# [Source records]

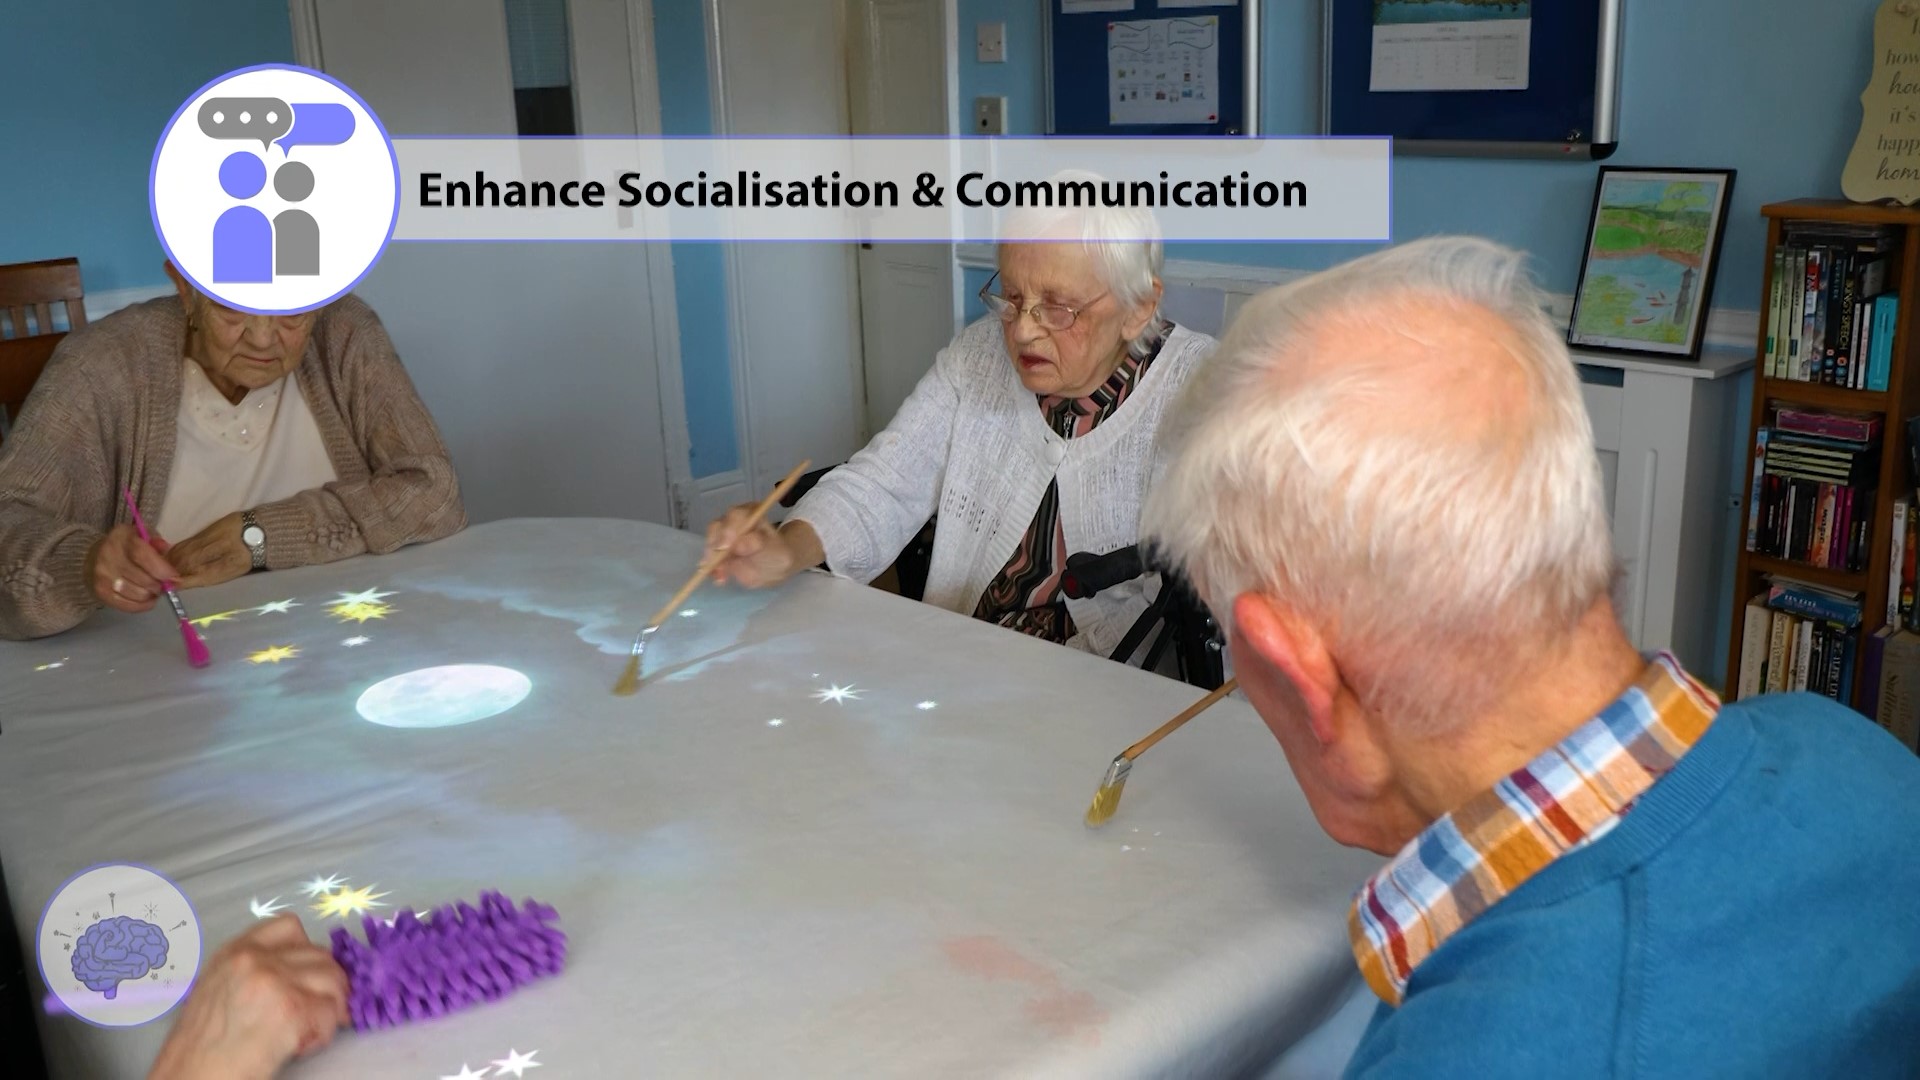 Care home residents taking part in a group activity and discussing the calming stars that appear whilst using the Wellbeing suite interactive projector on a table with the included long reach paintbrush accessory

==

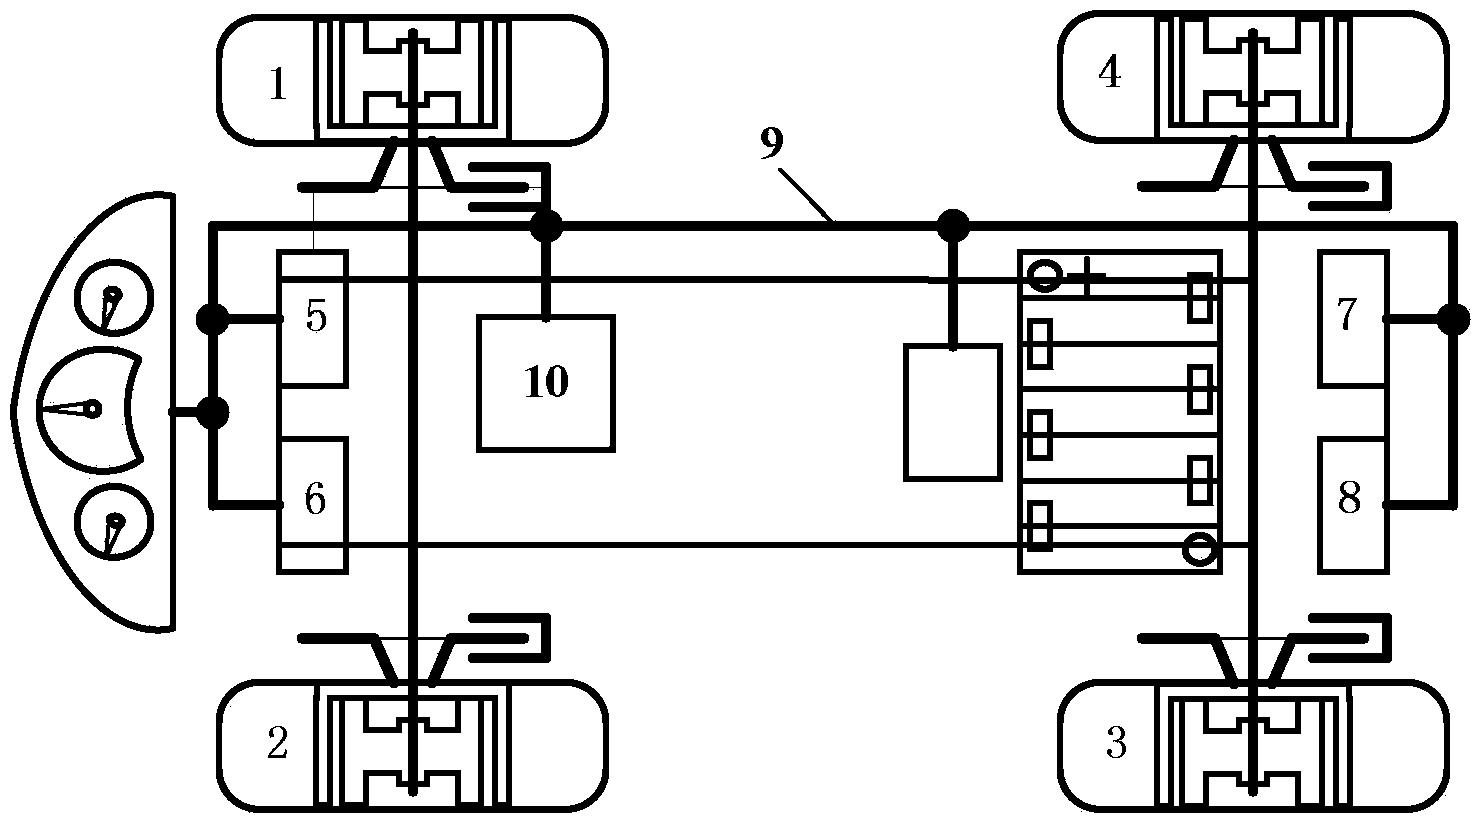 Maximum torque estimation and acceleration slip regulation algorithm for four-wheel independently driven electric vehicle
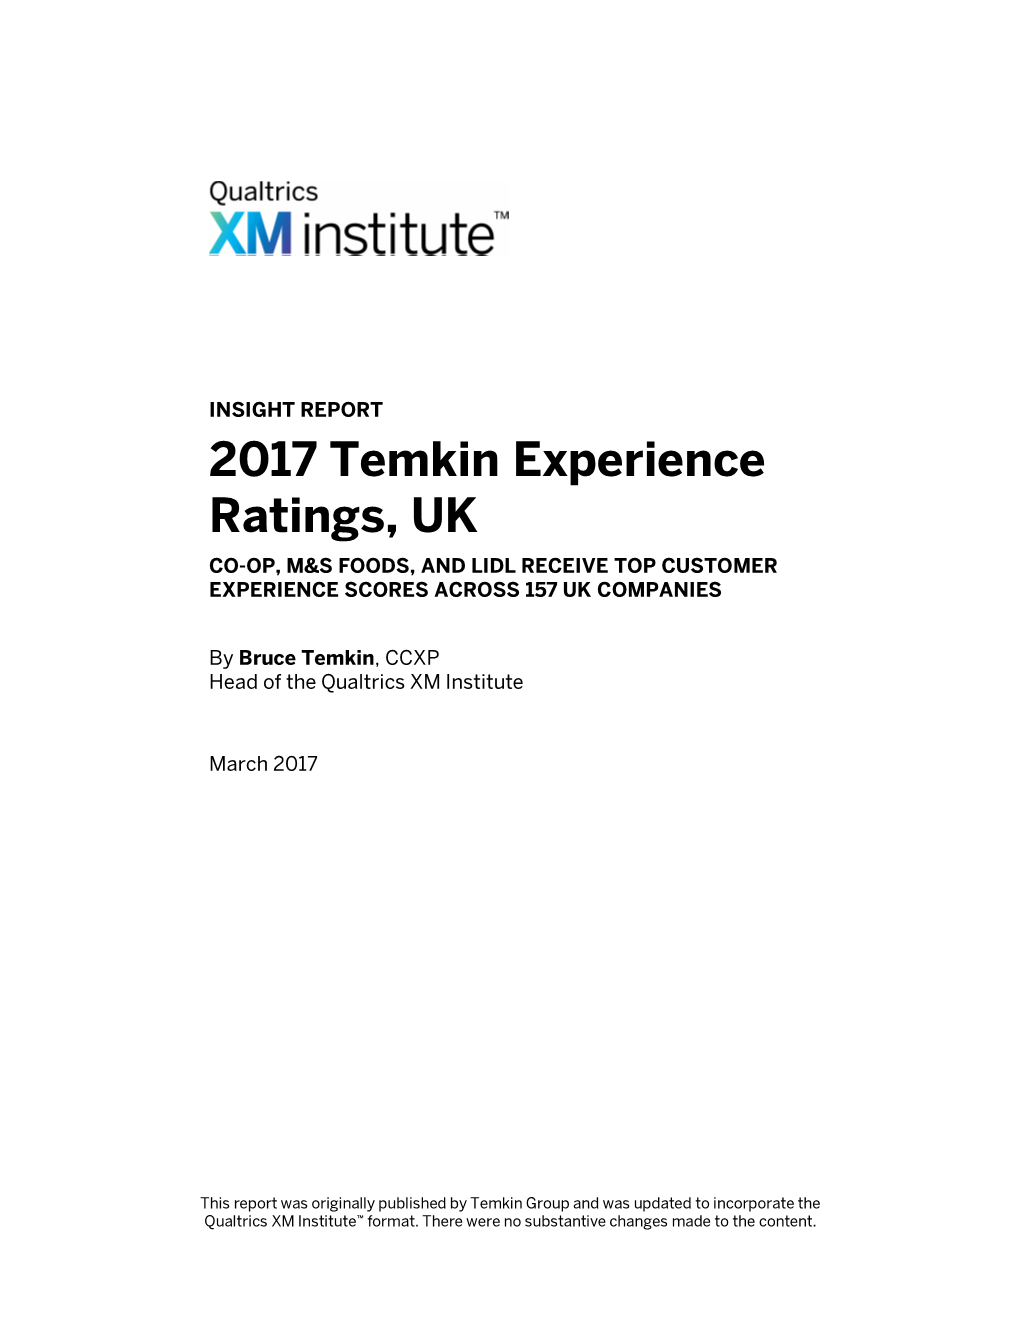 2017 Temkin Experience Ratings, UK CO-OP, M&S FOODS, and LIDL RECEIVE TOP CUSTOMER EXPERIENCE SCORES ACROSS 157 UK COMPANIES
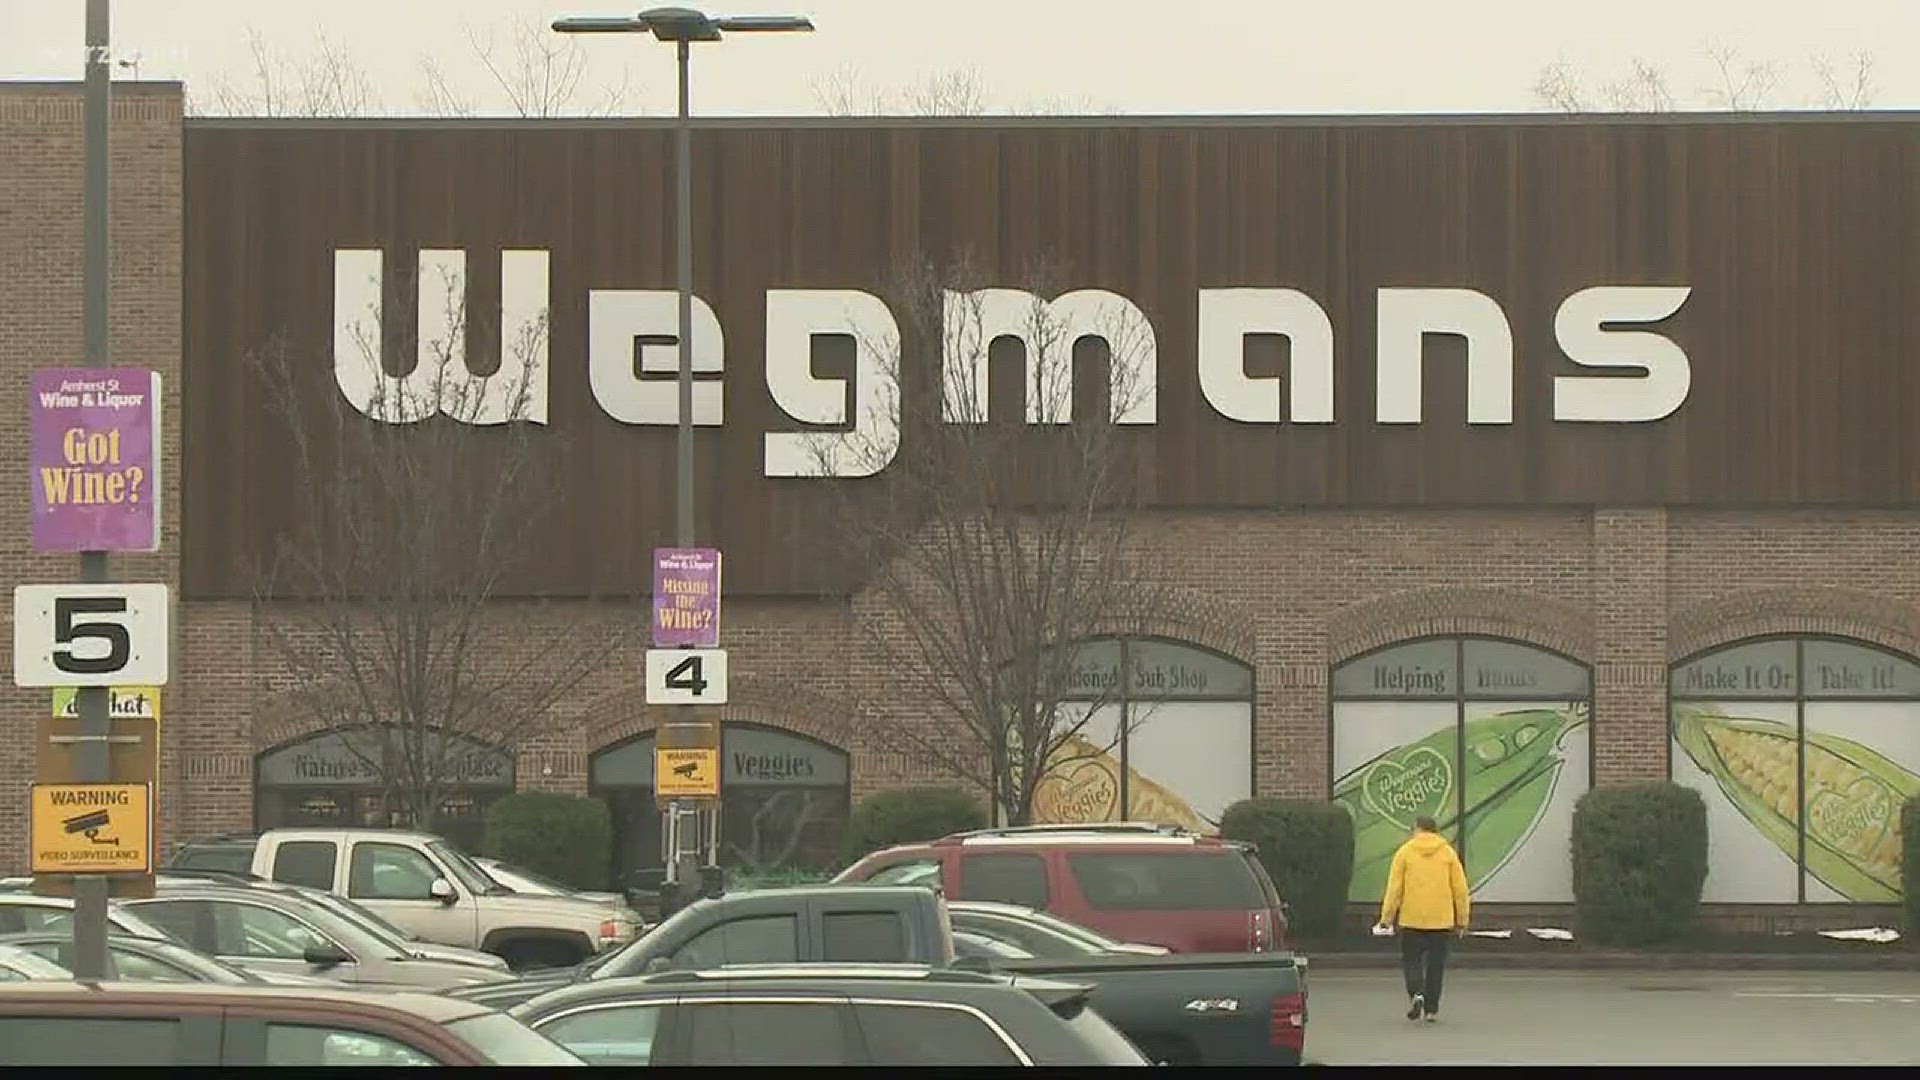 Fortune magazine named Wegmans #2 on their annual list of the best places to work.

# [Exercise details]
Using the material above, transcribe exactly the lines from the one holding "Maximum torque estimation" to the one holding "Fortune magazine named", both ends kept. Do not carry over any pictures.

# [Result of the task]
 Maximum torque estimation and acceleration slip regulation algorithm for four-wheel independently driven electric vehicle
 2017 Temkin Experience Ratings, UK CO-OP, M&S FOODS, and LIDL RECEIVE TOP CUSTOMER EXPERIENCE SCORES ACROSS 157 UK COMPANIES
 Fortune magazine named Wegmans #2 on their annual list of the best places to work.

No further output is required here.